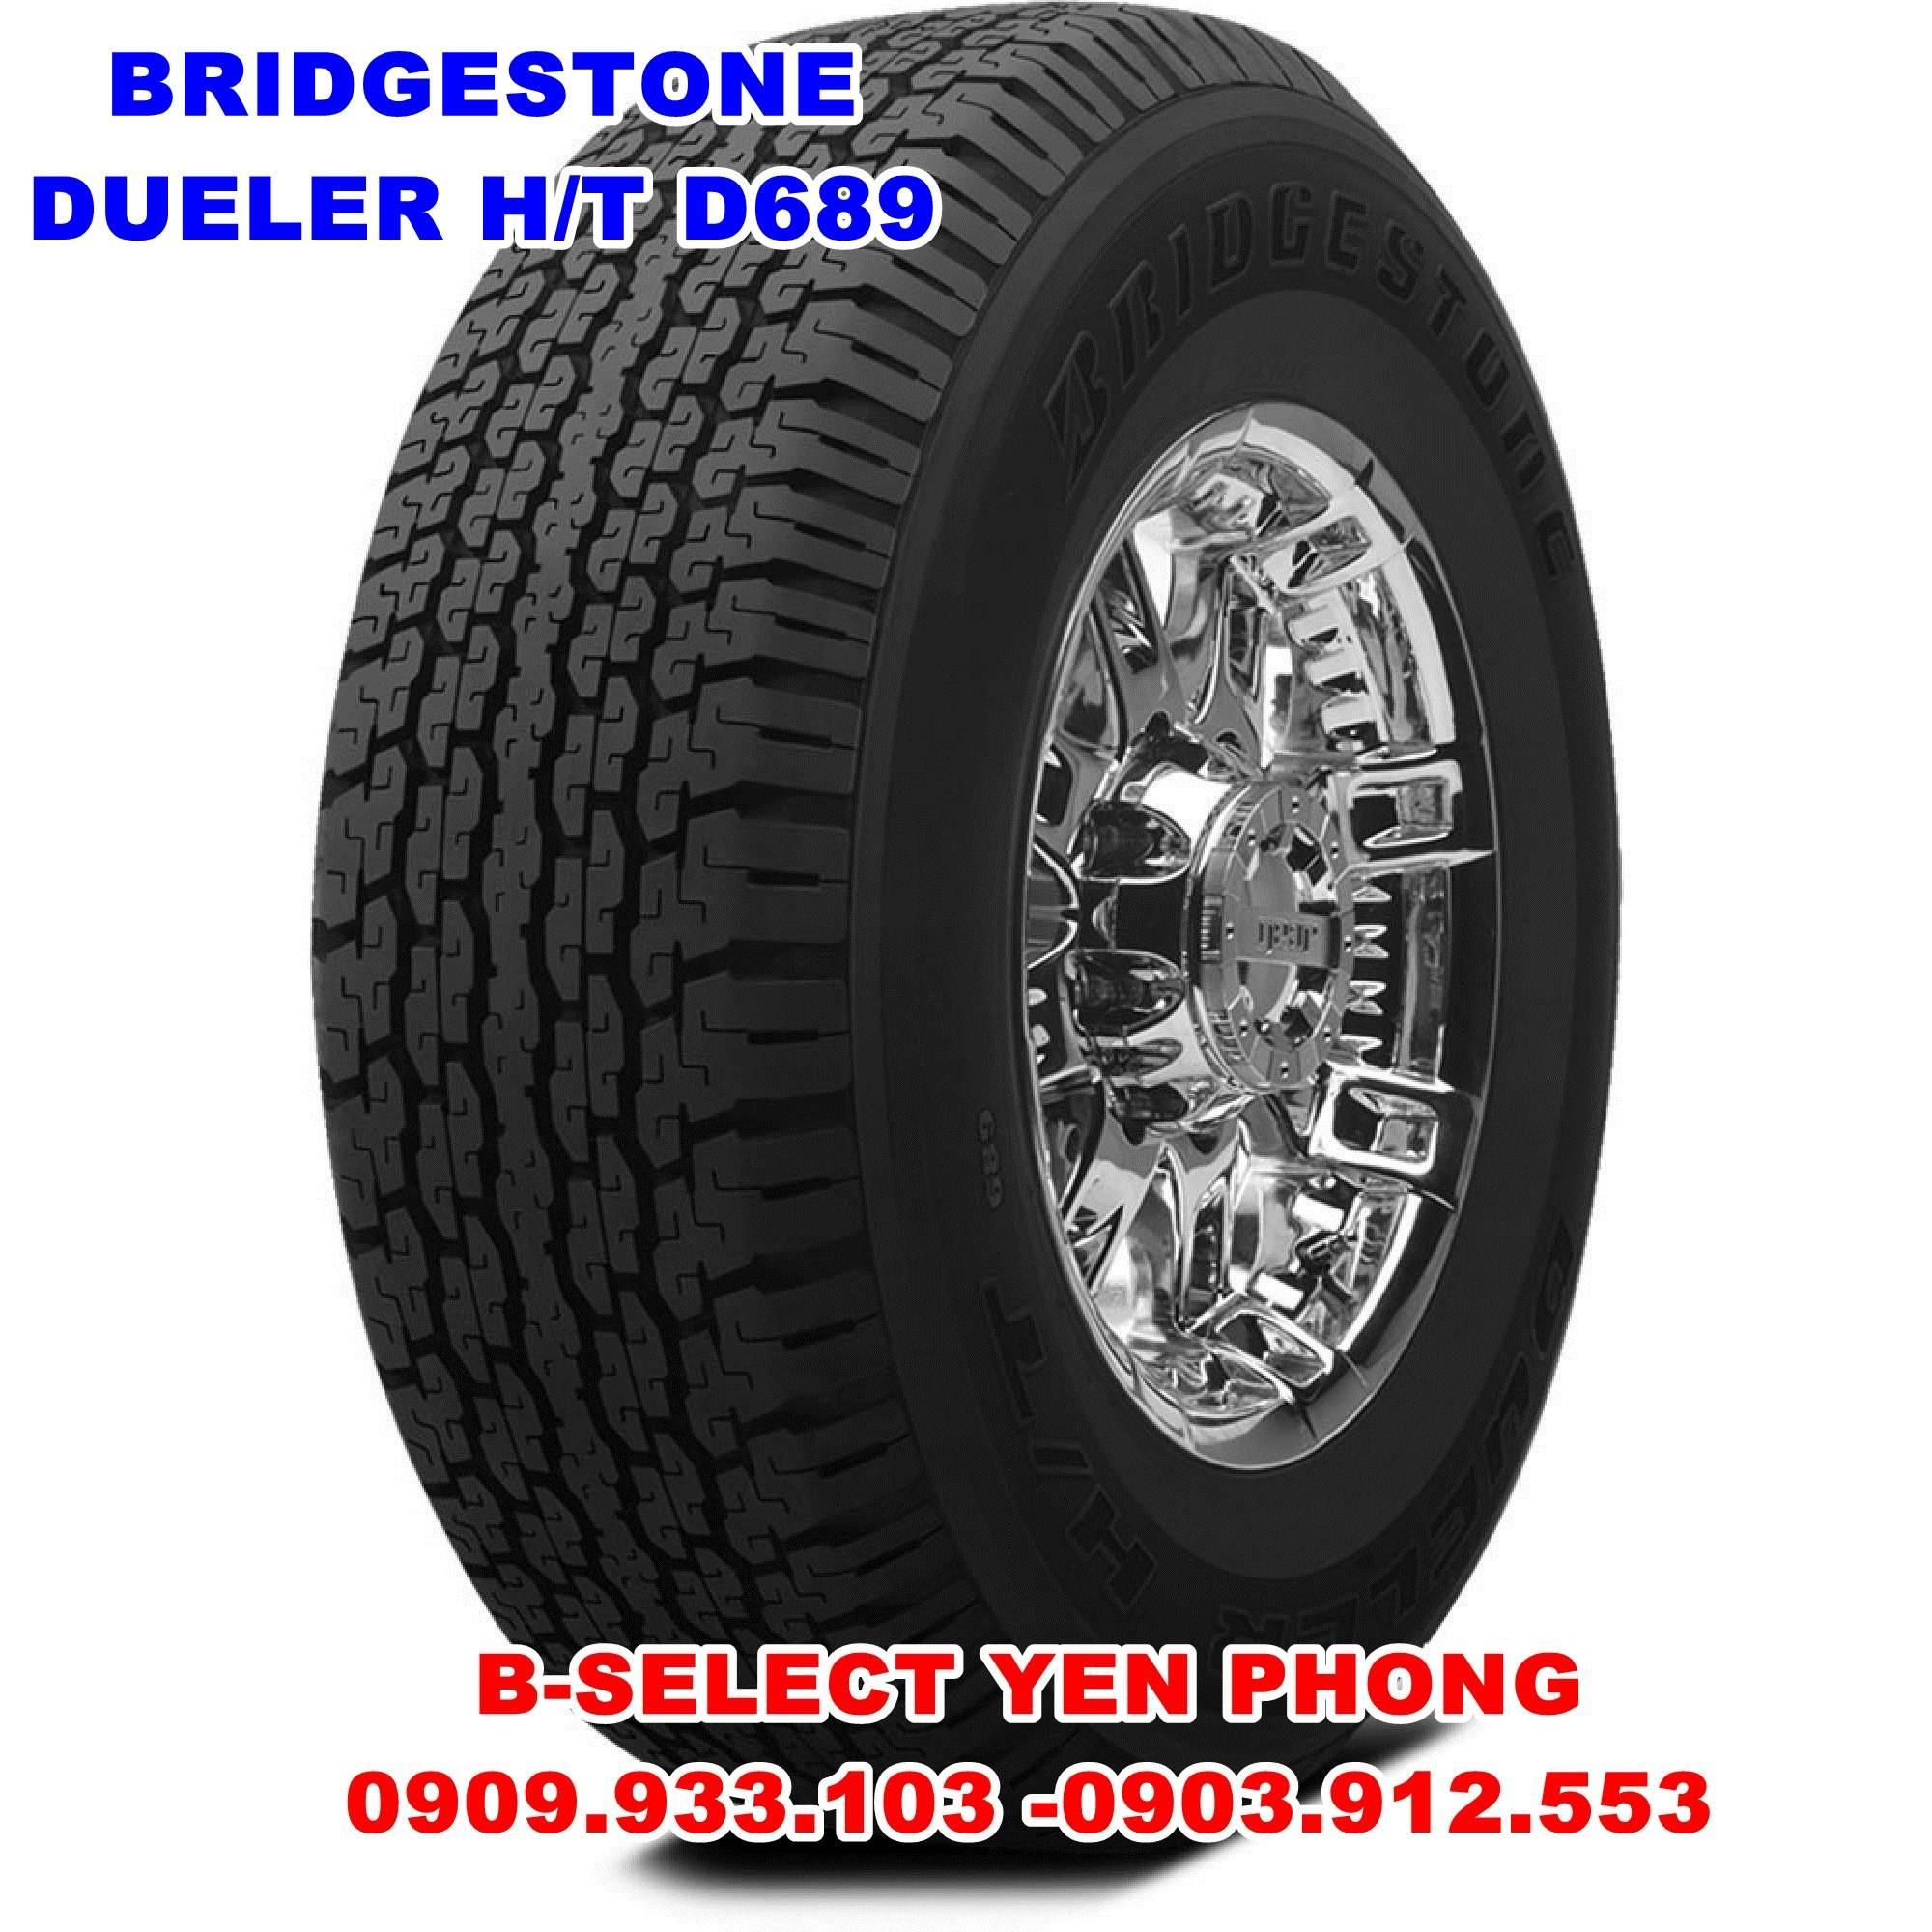 Lốp Xe Du Lịch Bridgestone Dueler 235/80R16 D689
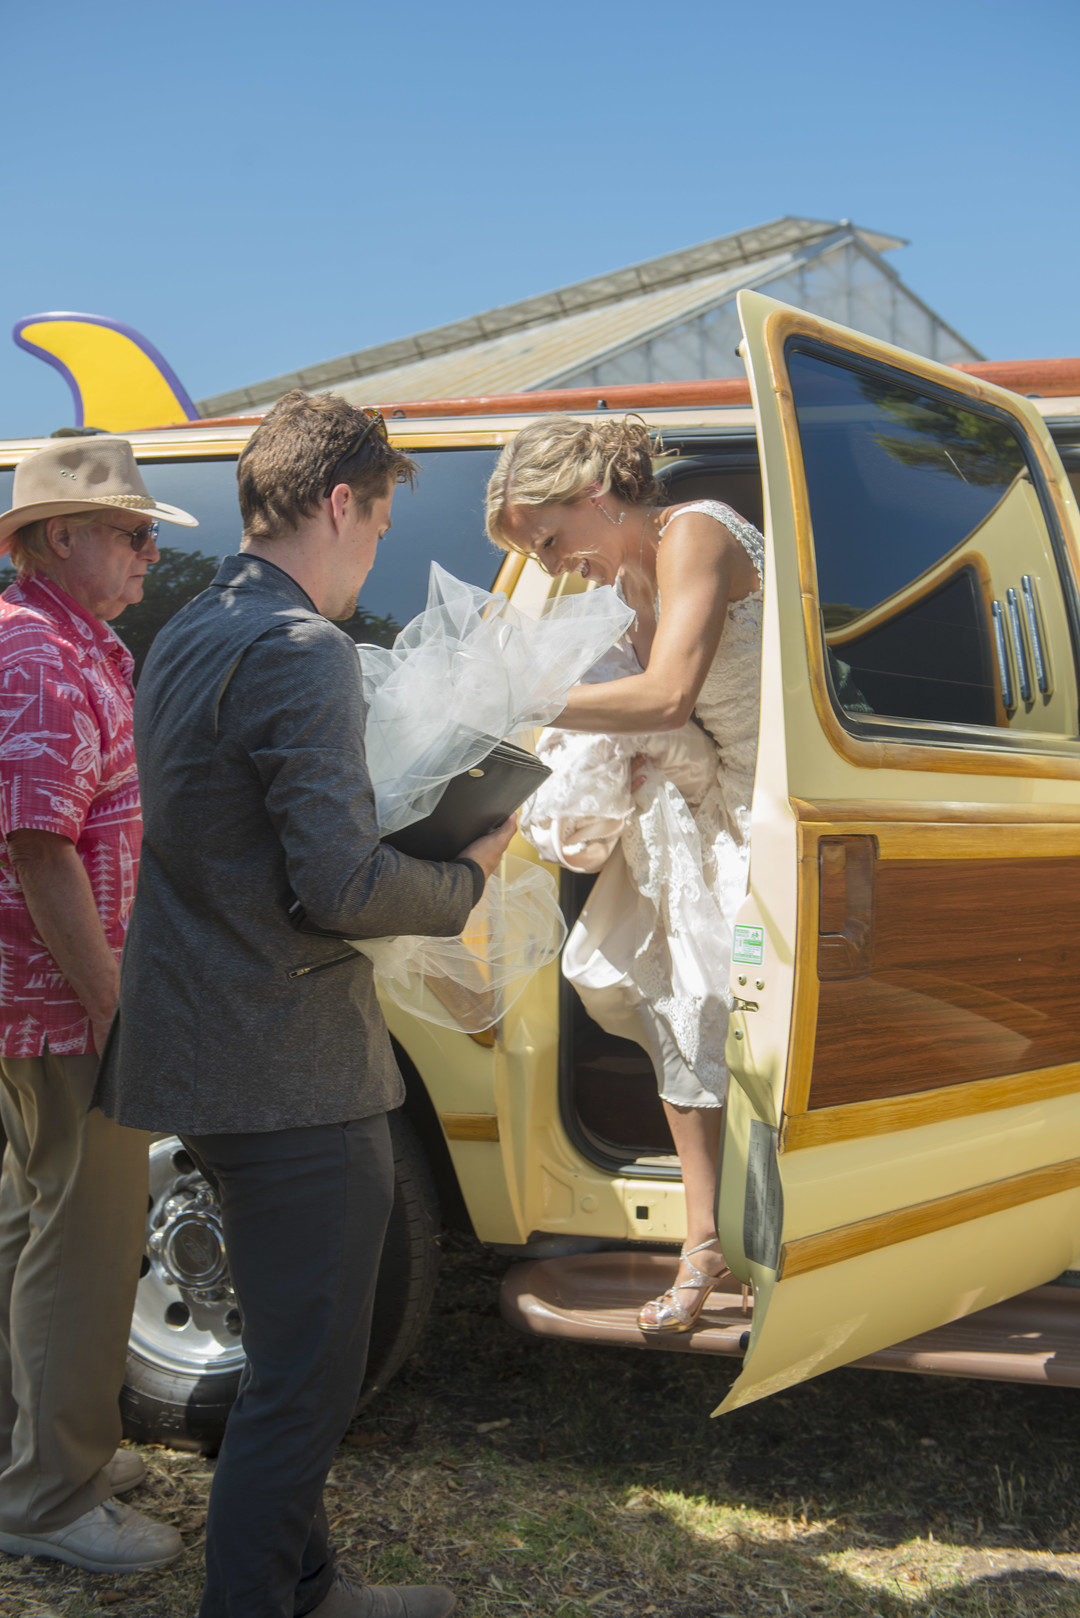 www.santabarbarawedding.com | Venue: Dos Pueblos Ranch | Photographer: ByCherry Photography | Event Designer: Elan Event Rentals | Transportation: Jump on the School Bus | Bride's Entrance
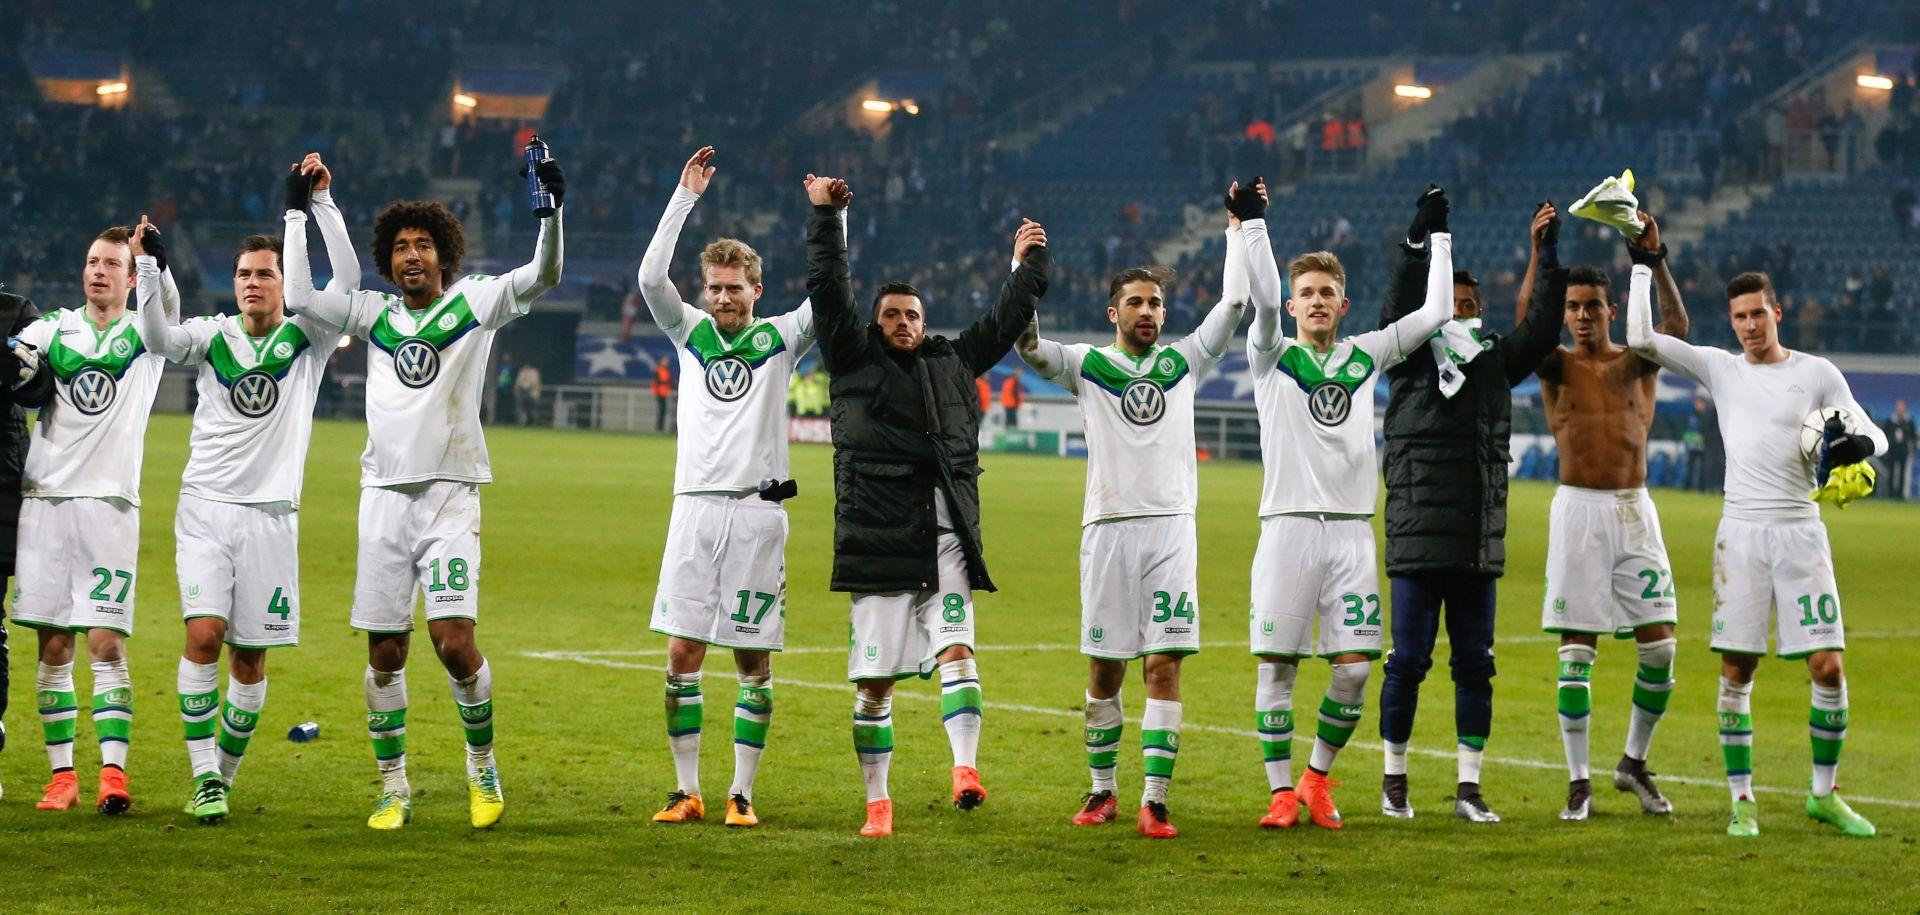 LIGA PRVAKA: Pobjede Reala i Wolfsburga

----------------

**Required work**:
From the first line to the last, repeat the data above exactly and leave the pictures out.

**Solution for this problem**:
 Lốp Xe Du Lịch Bridgestone Dueler 235/80R16 D689
 www.santabarbarawedding.com | Venue: Dos Pueblos Ranch | Photographer: ByCherry Photography | Event Designer: Elan Event Rentals | Transportation: Jump on the School Bus | Bride's Entrance
 LIGA PRVAKA: Pobjede Reala i Wolfsburga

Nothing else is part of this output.